— Родилась в рубашке, — первое, что слышу, начиная улавливать посторонние звуки.
— Молодец, девочка. Давай, милая, приходи в себя.
Резкий запах аммиака обжигает слизистую, заставляя дернуться и задышать чаще.
— Тихо-тихо, вот так. Всё хорошо. Не двигайся пока, — чужие руки фиксируют плечи не позволяя встать или повернуться. — Полежи спокойно. Мне нужно тебя осмотреть и обработать рану на голове, — женский голос незнаком, но сочится участием и состраданием. — Думаю, сотрясение точно есть.
Не знаю, есть или нет, но звон в ушах стоит жуткий, а еще тошнит, и картинка то и дело плывет Стараясь сосредоточиться на словах, смаргиваю пелену, замечаю знакомую синюю форму медиков, а потом и лицо женщины лет пятидесяти. Доброе лицо, открытое, со смешными спиральками волос.
— С возвращением, — улыбается она, встречая направленный на нее взгляд, а затем, обернувшись куда-то в сторону, требует подать перевязочный материал и плед.
— Рома... со мной был... мой муж... он... — во рту ужасно сухо. То и дело приходится делать паузы, чтобы сглотнуть и смочить горло. — Что с ним?
— Жив.
Короткое слово. Всего три буквы. А сколько в нем силы и энергии. Дышать сразу становится легче. Будто камень с груди спадает.
Брать на себя чужую смерть. Да не дай, бог.
Картинка, когда дерево летит на меня и только в последнюю минуту уходит с траектории — четко стоит перед глазами. Я точно знаю, оно предназначалось мне.
Авария предназначалась мне. Зотов попал под раздачу случайно.
Но при этом не запаниковал, а взял на себя самое сложное. Попытался удержать машину на трассе и снизить скорость ручным тормозом. В такой же ситуации я бы однозначно растерялась и убилась.
А Ромка... он еще и руль под конец вывернул, чтобы взять удар на себя.
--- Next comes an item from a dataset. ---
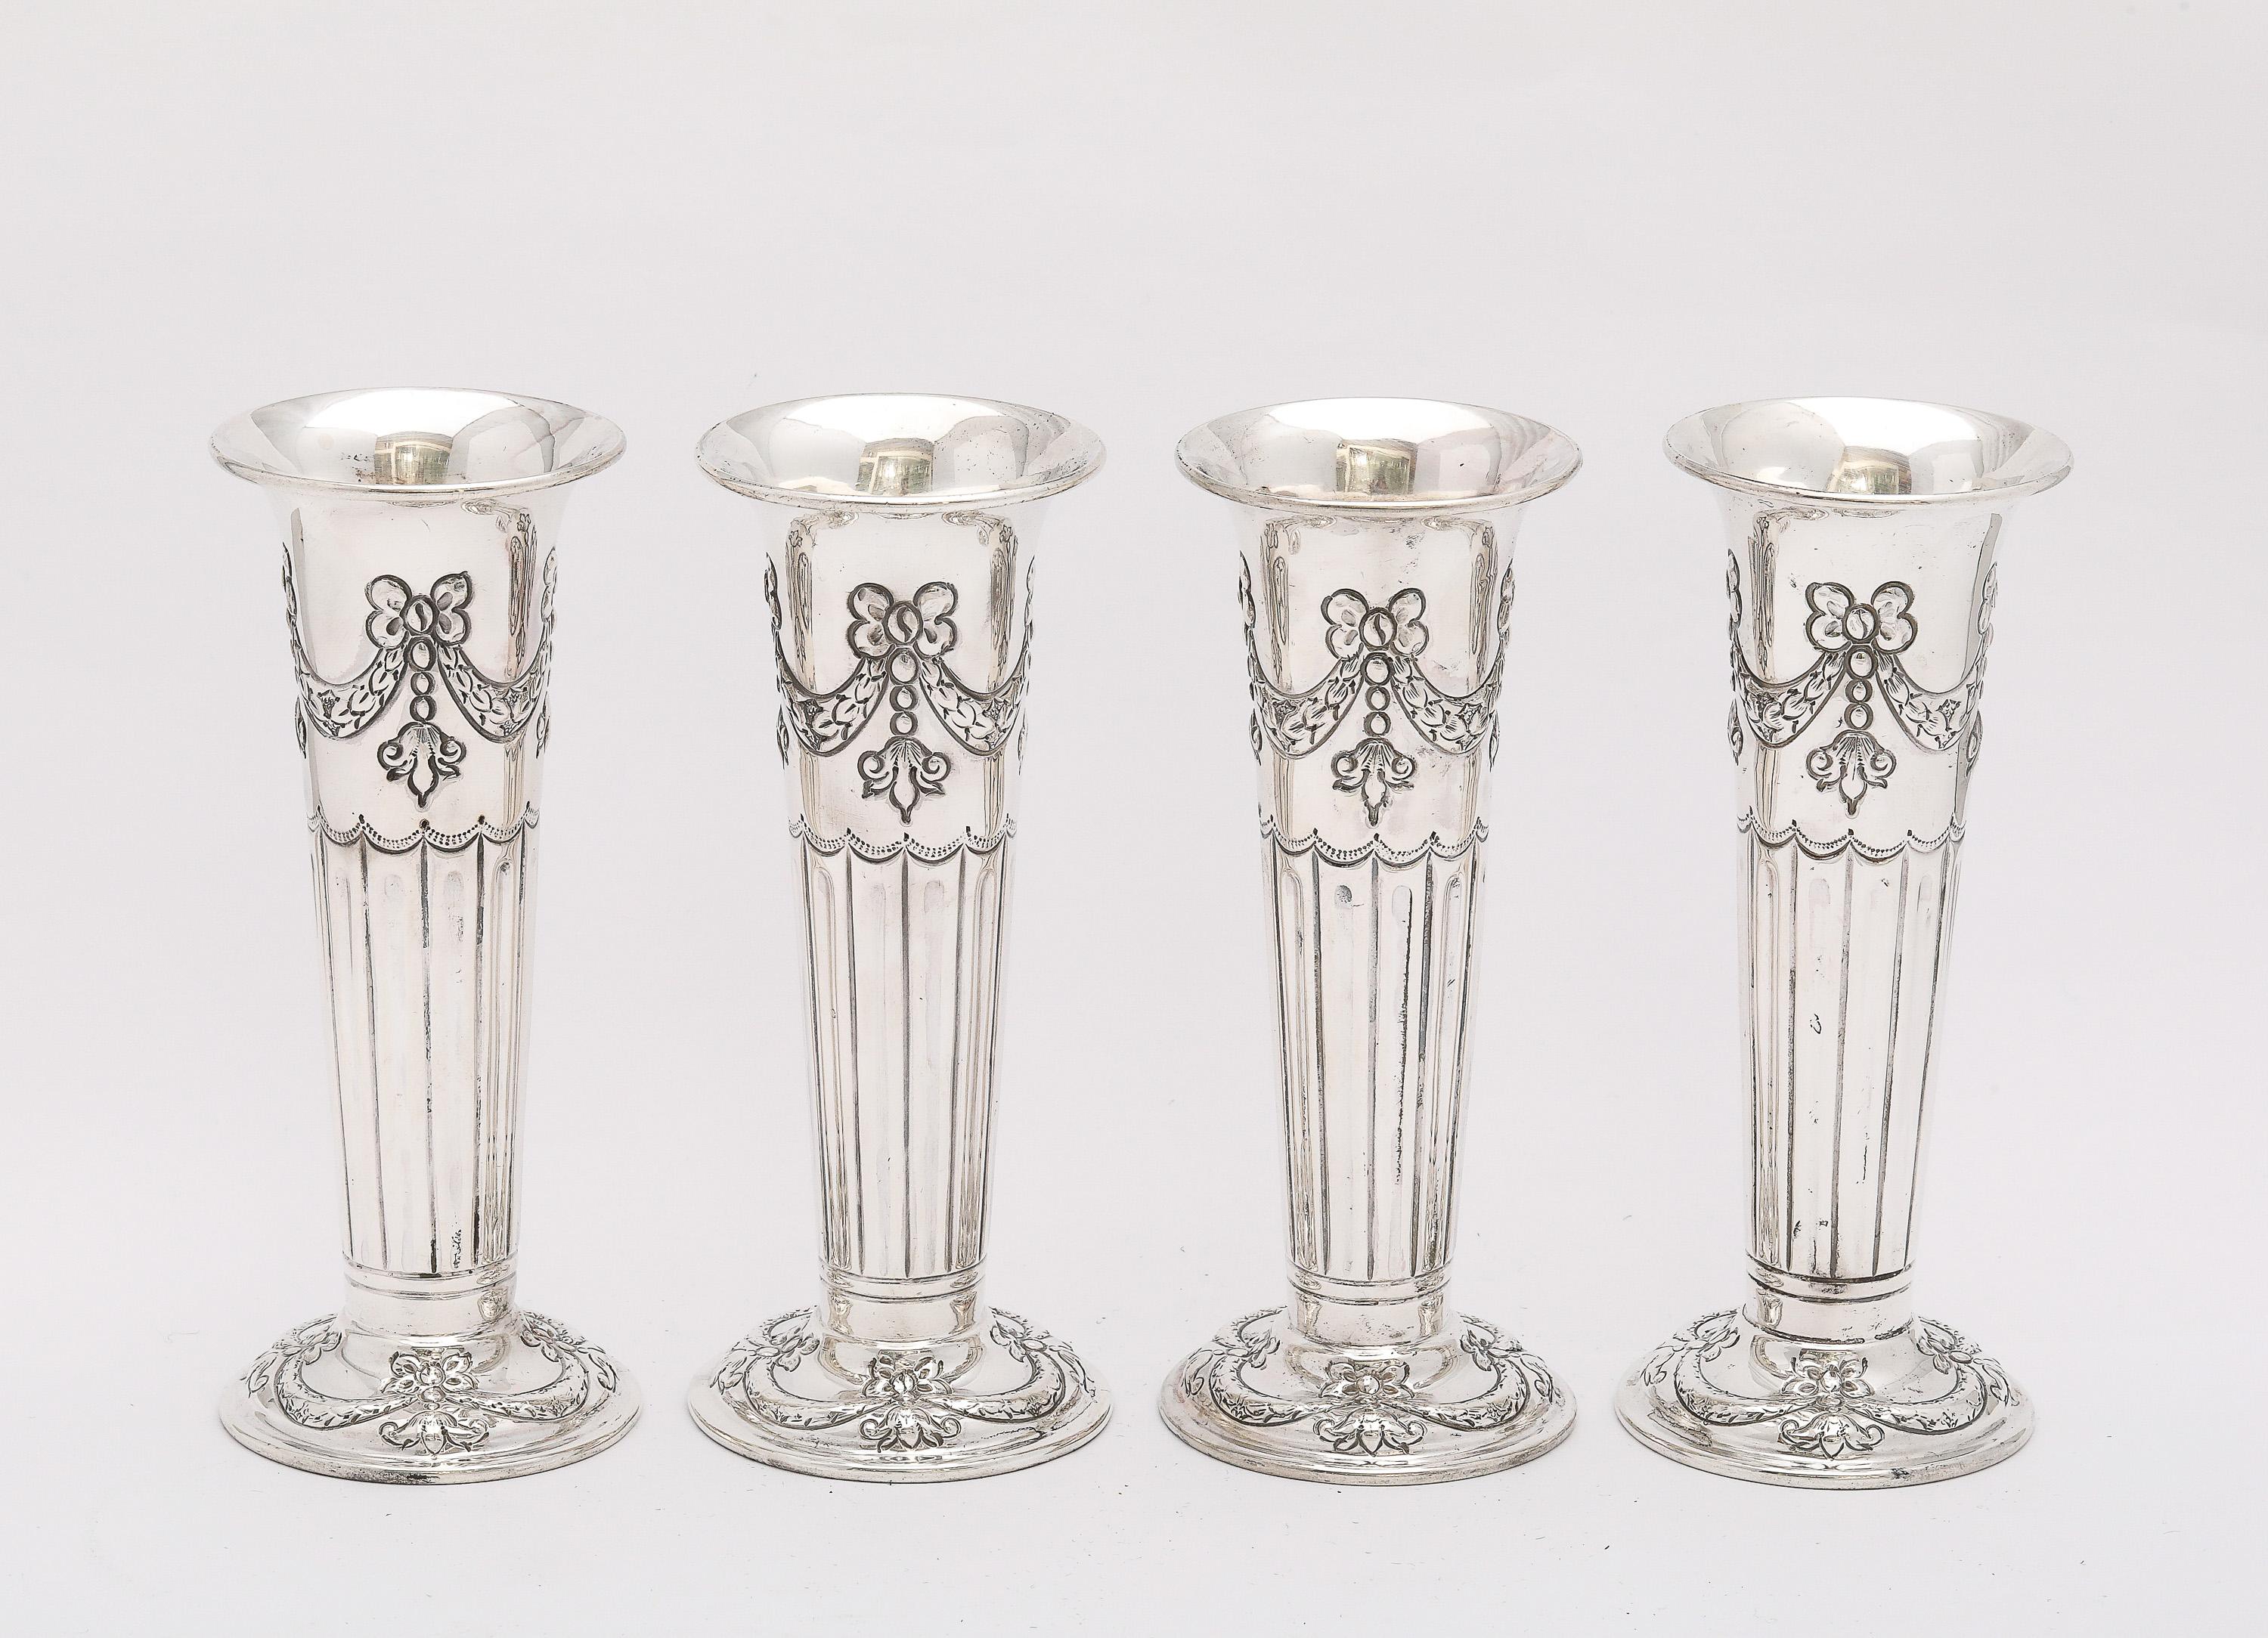 Rare, Victorian Period, Neoclassical Style, set of four (4), matching, sterling silver bud vases, Birmingham, England, year-hallmarked for 1896, Henry Wright Atkin (of Atkin Bros. Co.) - maker. The upper portion of each vase and the base of each

— Точно жив? Я могу его увидеть?
— Обязательно увидите. В клинике. Насколько я понимаю, у второго пострадавшего состояние критическое. Ему нужна срочная госпитализация. Да вон, видите, карета реанимации уже отъезжает.
Медик, убедившись, что переломов нет, и я чувствую конечности, помогает немного приподняться. Именно в этот момент мимо с мигалками и сиреной, набирая скорость, пролетает та самая машина, внутри которой за жизнь Зотова борется бригада врачей.
— Он точно жив?
Кривлюсь от боли в грудной клетке, но пытаюсь сохранить сидячее положение, а не завалиться назад.
— Жив, голубушка, жив. Покойников с включенными сиреной и «люстрой», поверьте мне, на скорой не возят. Им спешить уже некуда.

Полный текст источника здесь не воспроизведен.